In this example, the switching strength judgment function unit 21 judges the steepness of switching necessary for switching the operation amount in the operation amount switching function unit 29 based on the presence or absence of execution of the antiskid control, and the operation amount switching function The switching process in the unit 29 is adjusted. In general, in anti-skid control, while the brake control accuracy is extremely important, the importance of the NVH is often extremely poor.

For this reason, the switching strength determination function unit 21 can perform switching processing having a steepness with emphasis placed on control accuracy at the time of anti-skid control. The judgment of the abruptness of the switching in the switching strength judgment function unit 21 is mainly based on the necessity of the braking force control accuracy and the viewpoint of the NVH, and the switching processing is made steeper as the control accuracy is emphasized and the NVH is emphasized.

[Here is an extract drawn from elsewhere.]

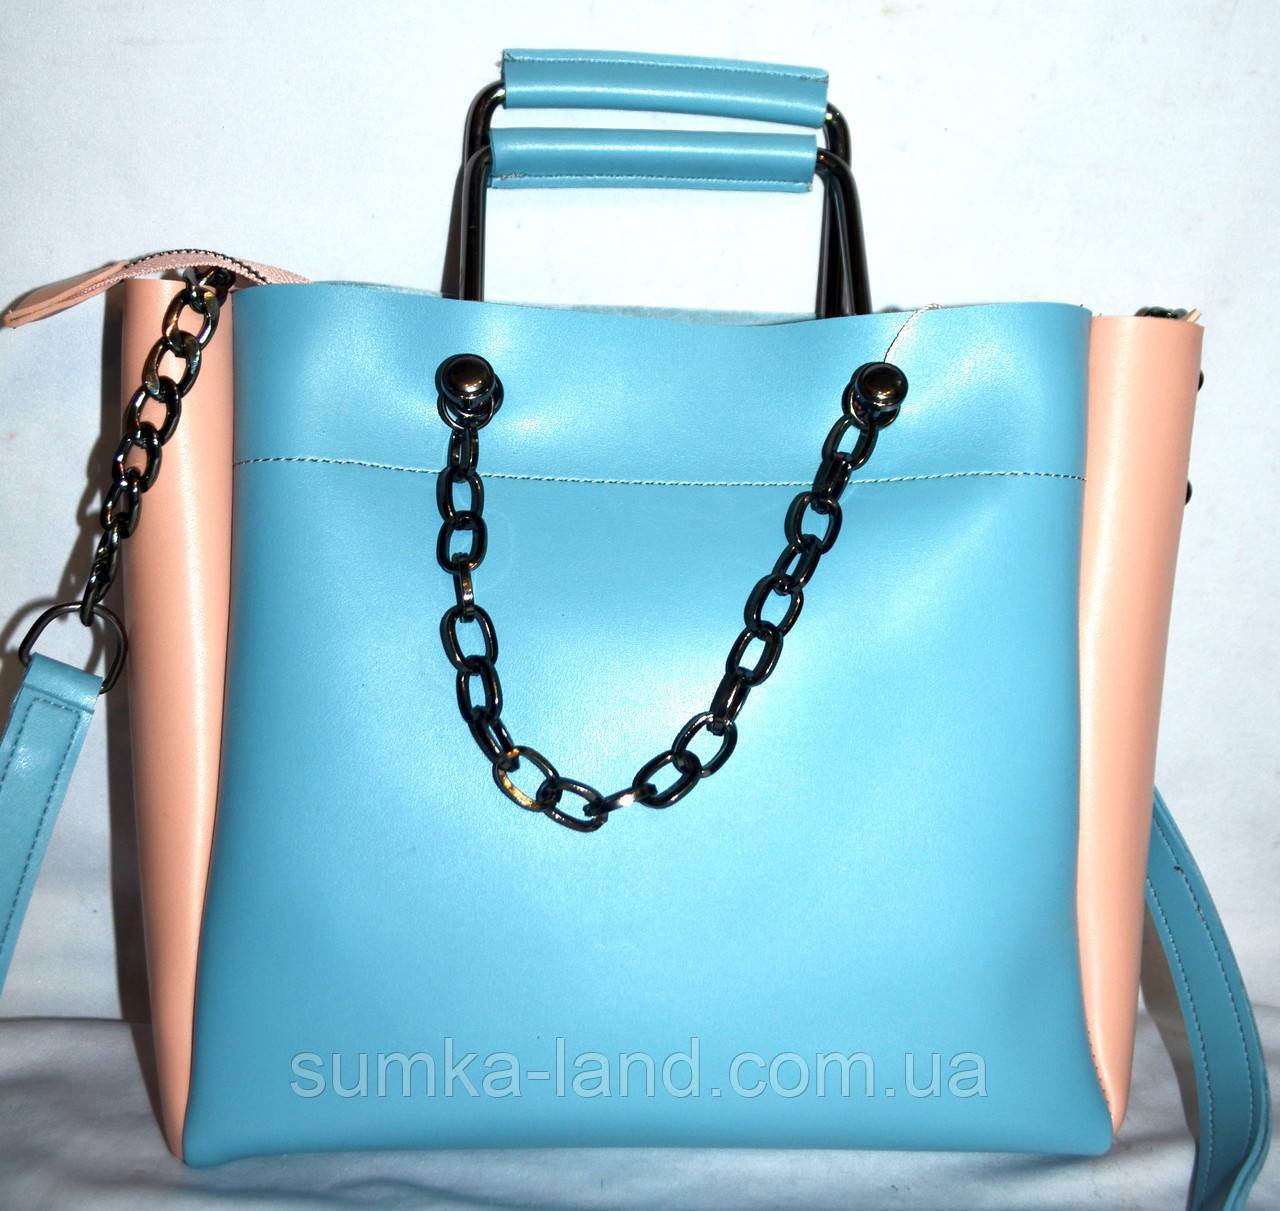 9f676fa7fb07 Женская голубая сумка B Elit с пудровыми вставками и ремешком на цепочке  25 24 см

The switching process can be made slower.

For example, the motor driver 17 constitutes a half bridge circuit using switching elements such as field effect transistors (abbreviated as FET), and performs PWM control to determine a motor applied voltage with a predetermined duty ratio. It is preferable because it is inexpensive and has high performance. Alternatively, the motor driver 17 can be configured to perform PAM control, for example, by providing a transformer circuit or the like.

In addition, a current sensor or the like (not shown) can be appropriately provided as needed. Further, each functional block in FIG. 2 is provided for convenience in describing the function, and may be integrated and divided as necessary, or a predetermined function may be omitted as appropriate.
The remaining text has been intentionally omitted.